Config Object Initialization function.
void canisolator_cfg_setup ( canisolator_cfg_t *cfg );
Initialization function.
CANISOLATOR_RETVAL canisolator_init ( canisolator_t ctx, canisolator_cfg_t cfg );
Click Default Configuration function.
void canisolator_default_cfg ( canisolator_t *ctx );
Generic multi write function.
void canisolator_generic_multi_write ( canisolator_t ctx, canisolator_data_t data_buf, uart_length_t len );
Generic multi read function.
void canisolator_generic_multi_read ( canisolator_t ctx, canisolator_data_t data_buf, uart_length_t len );
Generic single read function.
canisolator_data_t canisolator_generic_single_read ( canisolator_t *ctx );
Generic single write function.
void canisolator_generic_single_write ( canisolator_t *ctx, canisolator_data_t tx_data );
This is a example which demonstrates the use of Can Isolator Click board.
The demo application is composed of two sections :
Configuring clicks and log objects.
void application_init ( void )
{
log_cfg_t log_cfg;
canisolator_cfg_t cfg;
/**
* Logger initialization.
* Default baud rate: 115200
* Default log level: LOG_LEVEL_DEBUG
* @note If USB_UART_RX and USB_UART_TX
* are defined as HAL_PIN_NC, you will
* need to define them manually for log to work.
* See @b LOG_MAP_USB_UART macro definition for detailed explanation.
*/
LOG_MAP_USB_UART( log_cfg );
log_init( &logger, &log_cfg );
log_printf( &logger, "---- Application Init ----\r\n" );
// Click initialization.
canisolator_cfg_setup( &cfg );
CANISOLATOR_MAP_MIKROBUS( cfg, MIKROBUS_1 );
canisolator_init( &canisolator, &cfg );
log_printf( &logger, "---------------------\r\n" );
log_printf( &logger, " CAN Isolator Click\r\n" );
log_printf( &logger, "---------------------\r\n" );
Delay_ms ( 100 );
}
Checks if new data byte has received in RX buffer ( ready for reading ) and if ready than reads one byte from RX buffer. In the second case, the application task writes message data via UART. Results are being sent to the Usart Terminal where you can track their changes.

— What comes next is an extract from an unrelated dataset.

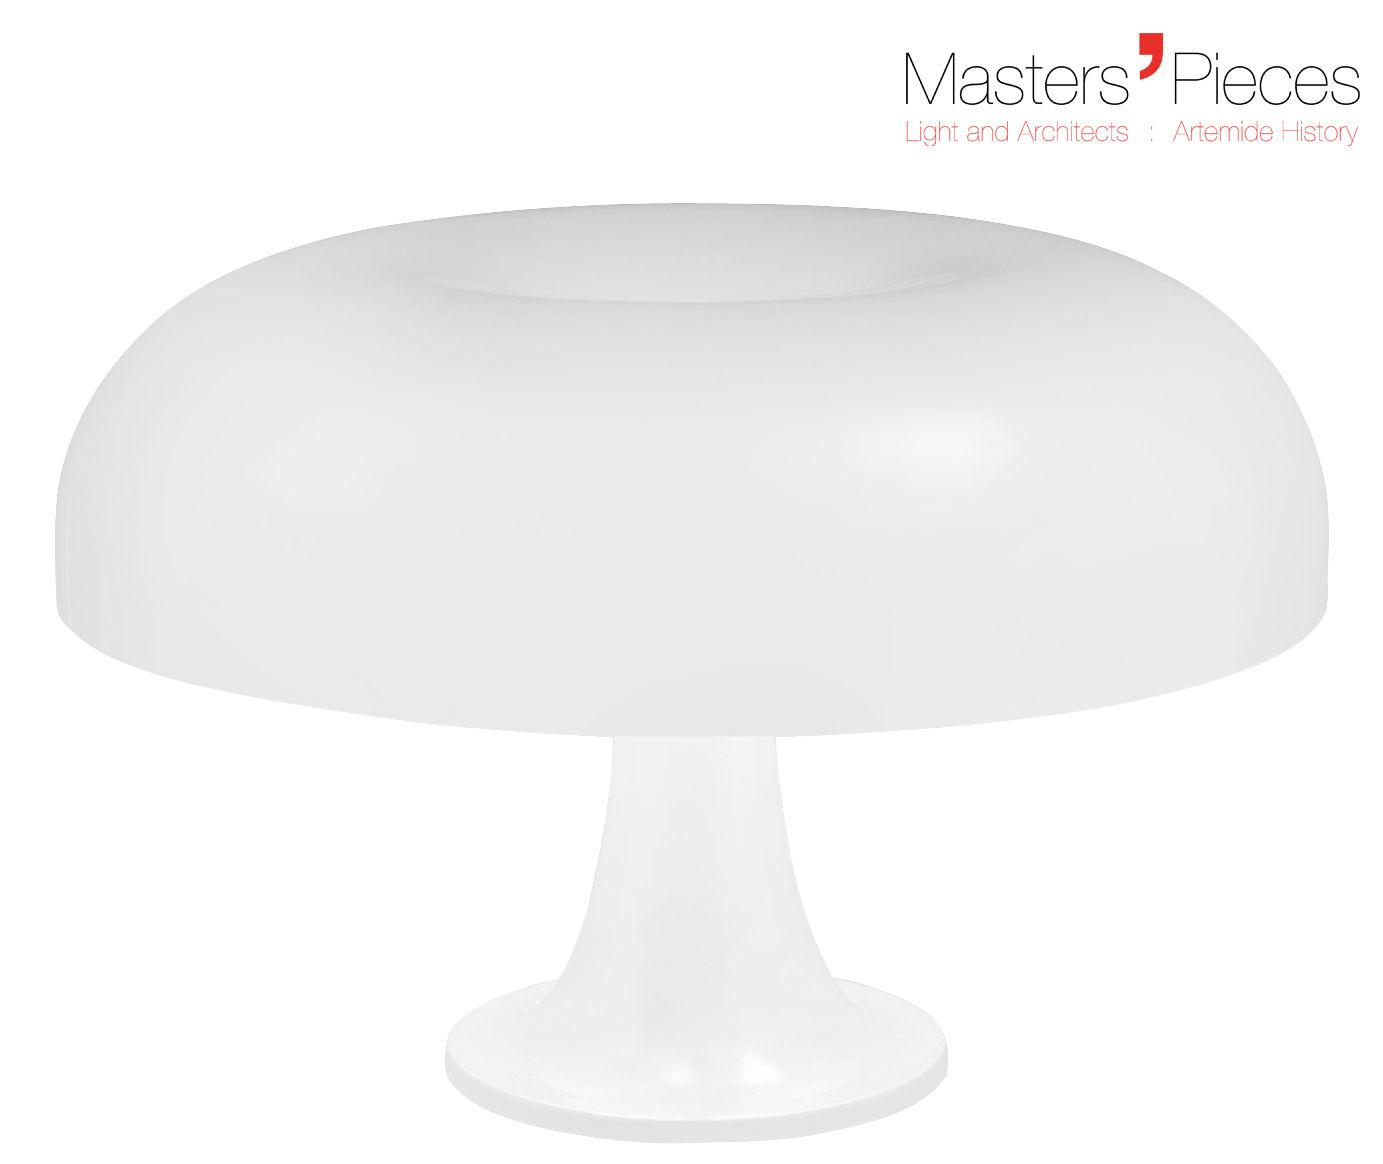 Leuchten - Tischleuchten - Masters' Pieces - Nesso Tischleuchte / 1967 - Ø 54 cm - Artemide - Weiß - ABS
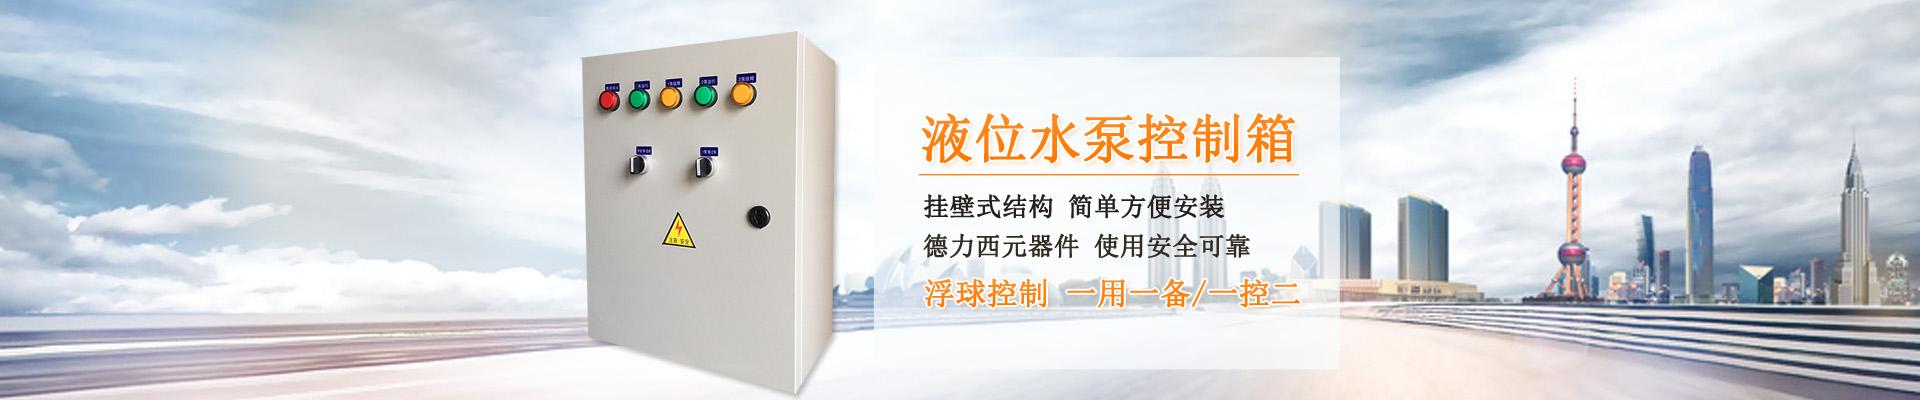 上海赞略电气设备制造有限公司

void application_task ( void )
{
canisolator_data_t tmp;
// Task implementation.
#ifdef DEMO_APP_RECEIVER
// RECEIVER - UART polling
tmp = canisolator_generic_single_read( &canisolator );
log_printf( &logger, " %c ", tmp );
#endif
#ifdef DEMO_APP_TRANSMITER
// TRANSMITER - TX each 2 sec
uint8_t cnt;
for ( cnt = 0; cnt < 9; cnt ++ )
{
canisolator_generic_single_write( &canisolator, demo_message[ cnt ] );
Delay_ms ( 100 );
}
Delay_ms ( 1000 );
Delay_ms ( 1000 );
#endif
}
The full application code, and ready to use projects can be installed directly form compilers IDE(recommneded) or found on LibStock page or mikroE GitHub accaunt.
Other mikroE Libraries used in the example:
Additional notes and informations
Depending on the development board you are using, you may need USB UART click, USB UART 2 Click or RS232 Click to connect to your PC, for development systems with no UART to USB interface available on the board. The terminal available in all Mikroelektronika compilers, or any other terminal application of your choice, can be used to read the message.